O sea, un triunfo inobjetable que le permitió tanto pasar holgadamente el umbral de los 270 delegados del colegio electoral como proclamar la victoria, además de Georgia, Carolina del Norte y Pensilvania, muy seguramente en Wisconsin, Michigan, Arizona y Nevada. No se dio pues el tal empate que tanto se decía. Y por el contrario lo que se avizora, en efecto, es una victoria histórica, terminado el conteo.
Nadie dudaría, en ese sentido, que Trump es un fenómeno político. Cuando muchos lo creían enterrado, al principio de tan prolongada y accidentada campaña presidencial, al final se ha mostrado como un líder irreductible, en permanente sintonía con las masas.

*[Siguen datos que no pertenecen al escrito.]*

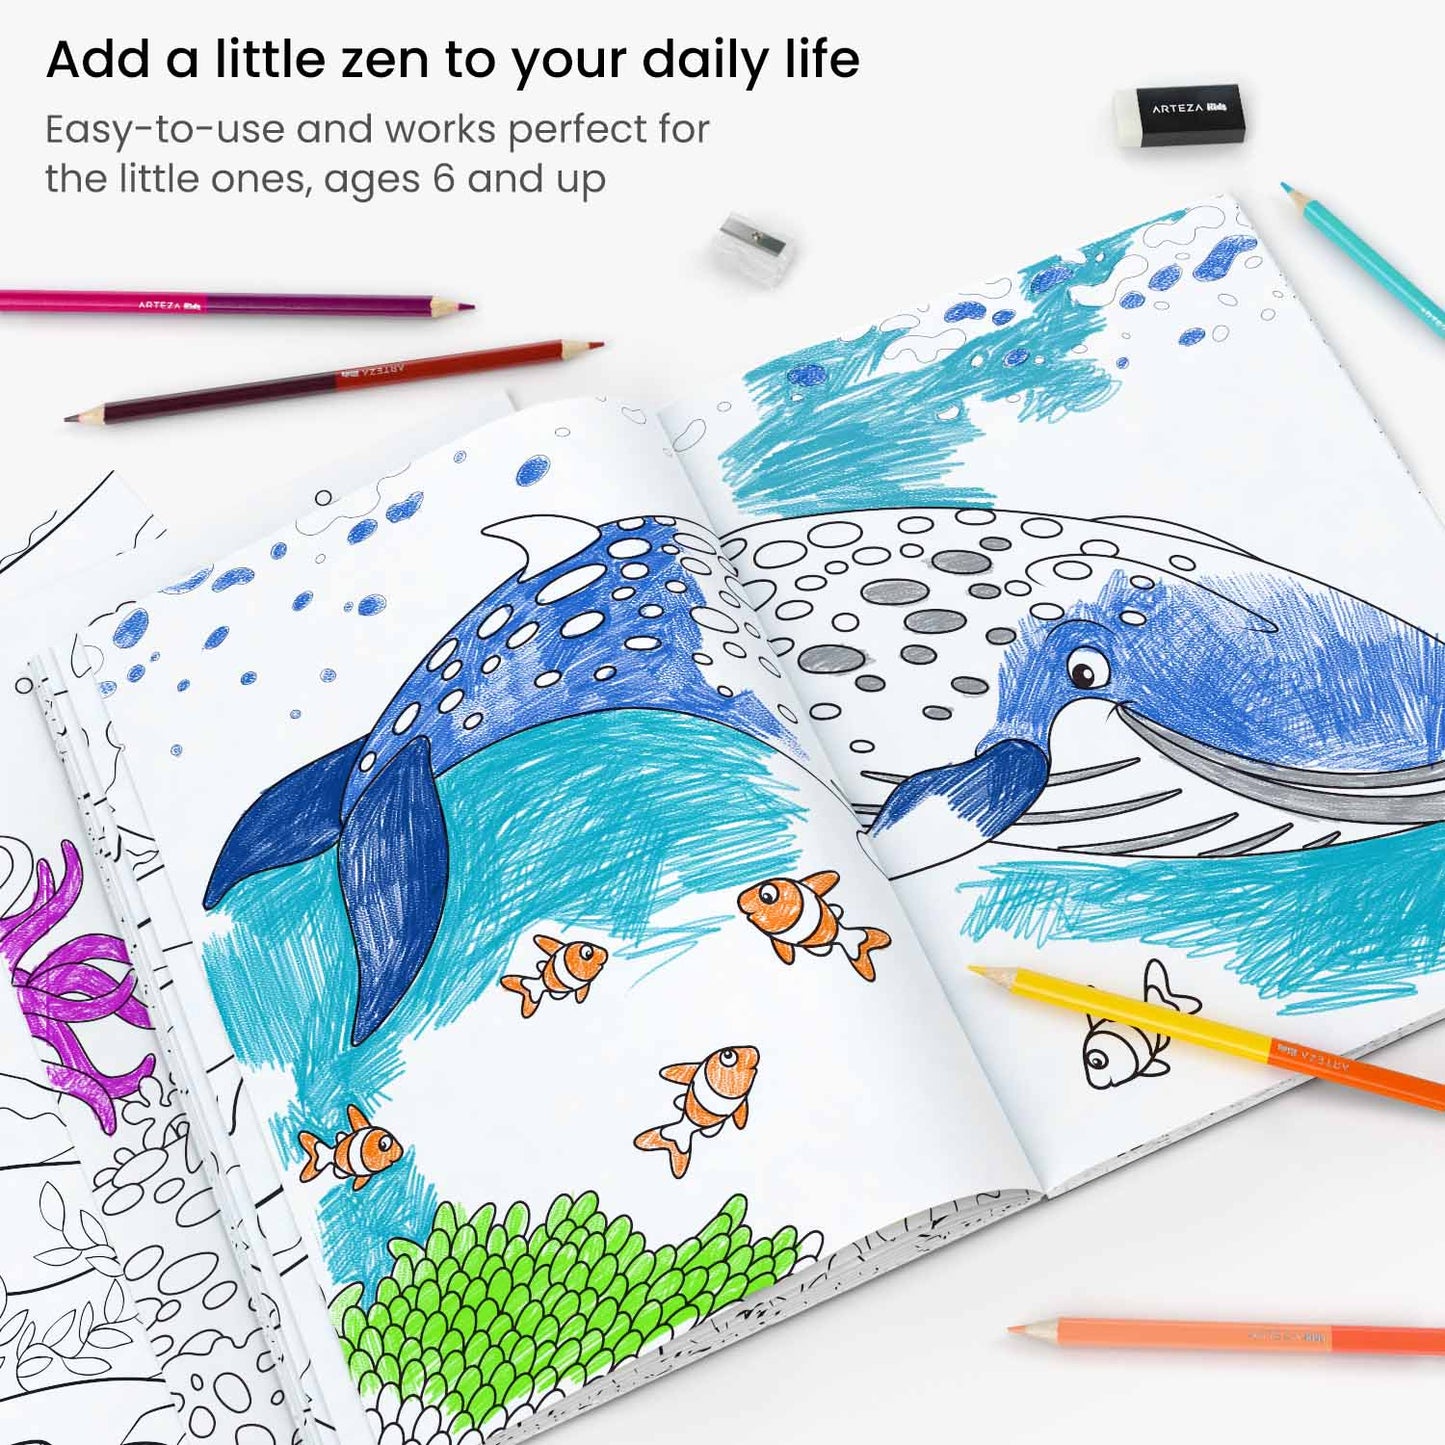 Kids Coloring Book Kit, Under the Sea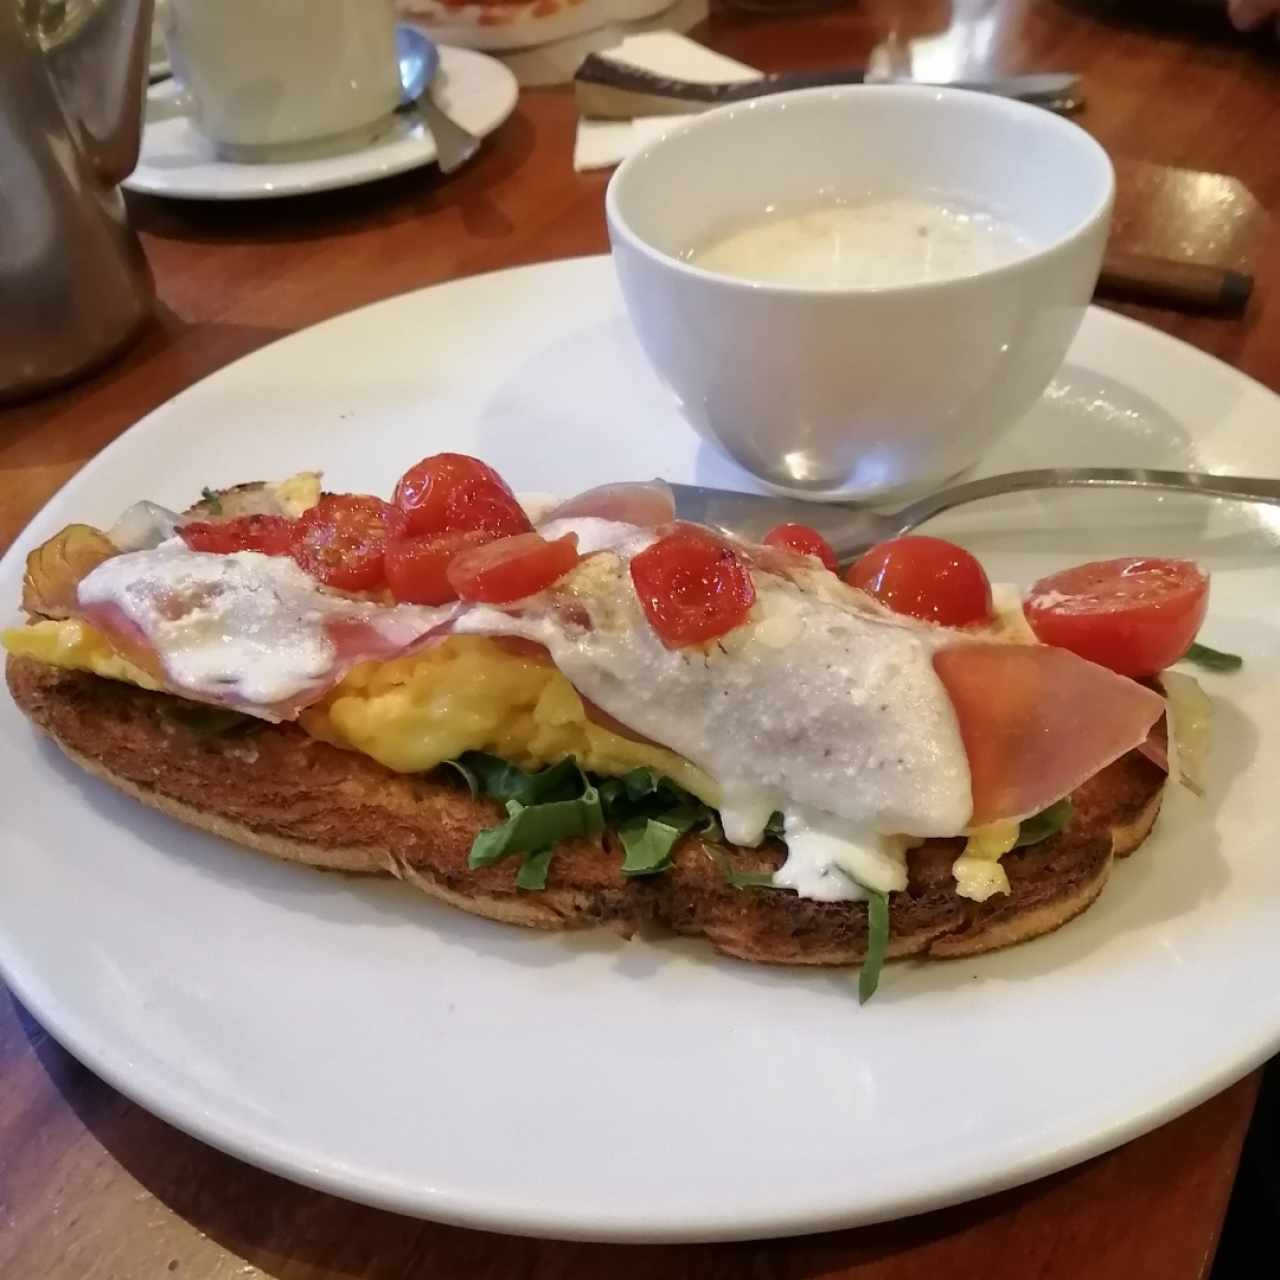 Omelette con Jamón y Queso Suizo

Ahora, a partir del próximo enero, tendrá que poner en marcha su agenda en un mundo en guerra que prometió aplacar; una economía interna que dio la palabra en revigorizar; una inflación a la que dijo le torcería el pescuezo de inmediato; una inmigración ilegal y una criminalidad cuya reversión están por verse; y un liderazgo mundial que prometió encarnar inclusive de presidente electo.
Por lo pronto, a no pocos habrá sorprendido su llamado a la unidad nacional en el discurso de la victoria. Comenzó bien. Un triunfo de estas características sin duda así lo amerita.